Make It Easy to Continue an Old Routine
If your loved one always started each morning with a newspaper in one hand and a cup of joe in the other, arrange for a daily delivery of the newspaper, or have it forwarded to their new address and ensure they have a steady supply of coffee. 

Encourage Your Parent to Volunteer within the Community
Many assisted living communities have resident volunteers that take on roles at the community such as leading a craft group, managing the library or sponsoring a club. When residents feel useful and as though they have a purpose, it can improve their outlook and help immensely with the transition.
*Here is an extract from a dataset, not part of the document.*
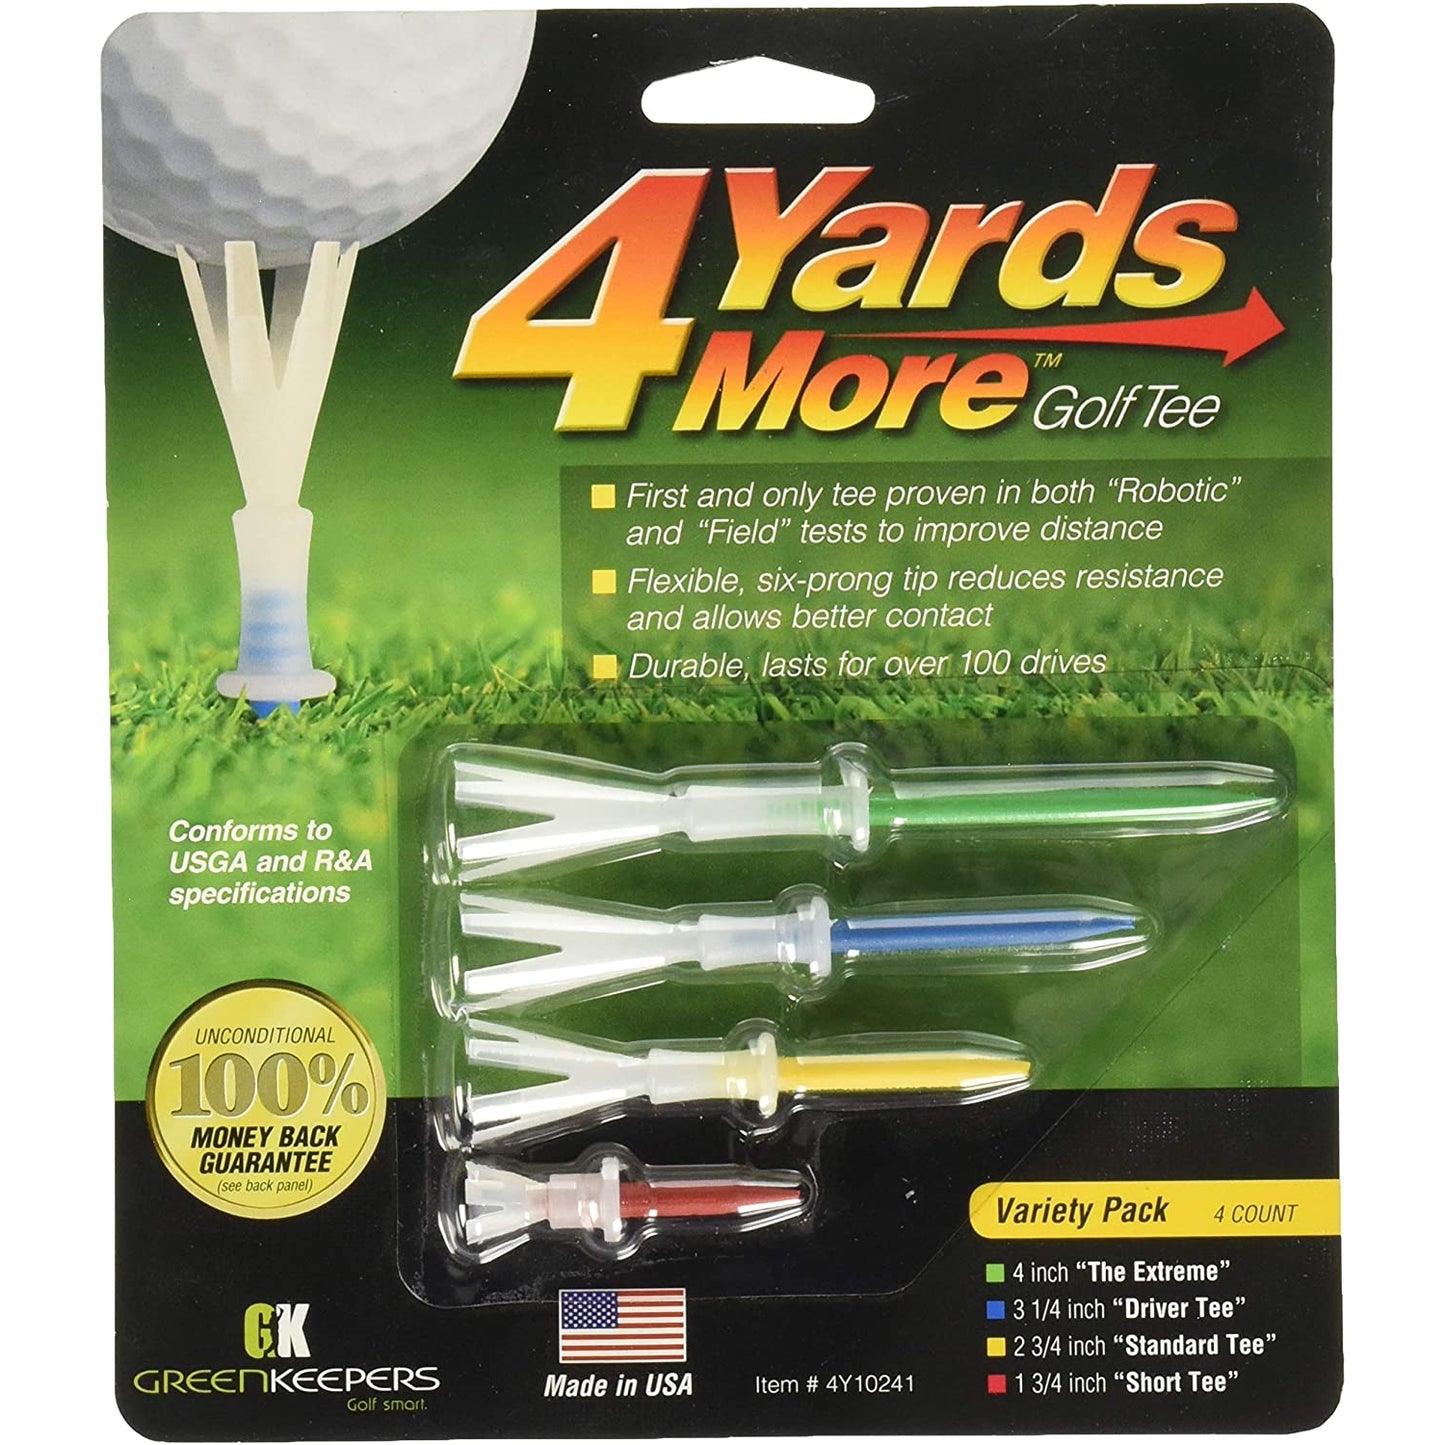 4 Yards More Golf Tee - Variety pack

Allow Them to Be Independent
Although it’s important to visit and/or call to monitor the status of the transition, don’t become too protective or feel as though you need to be with them all the time during the transition, as this can be counterproductive. Visiting often during the first days after the move does help make sure your loved one doesn’t feel abandoned, but refrain from taking this too far, as excessive hand-holding could prevent your parent from successfully adapting to their new home.

Conclusion
Making the move to an assisted living community is a big undertaking. But, with a clear plan, the right amount of support, and a positive attitude, your loved one can enjoy the benefits of making new friends, enjoying activities they once used to love, and receiving the right amount of care and support they need.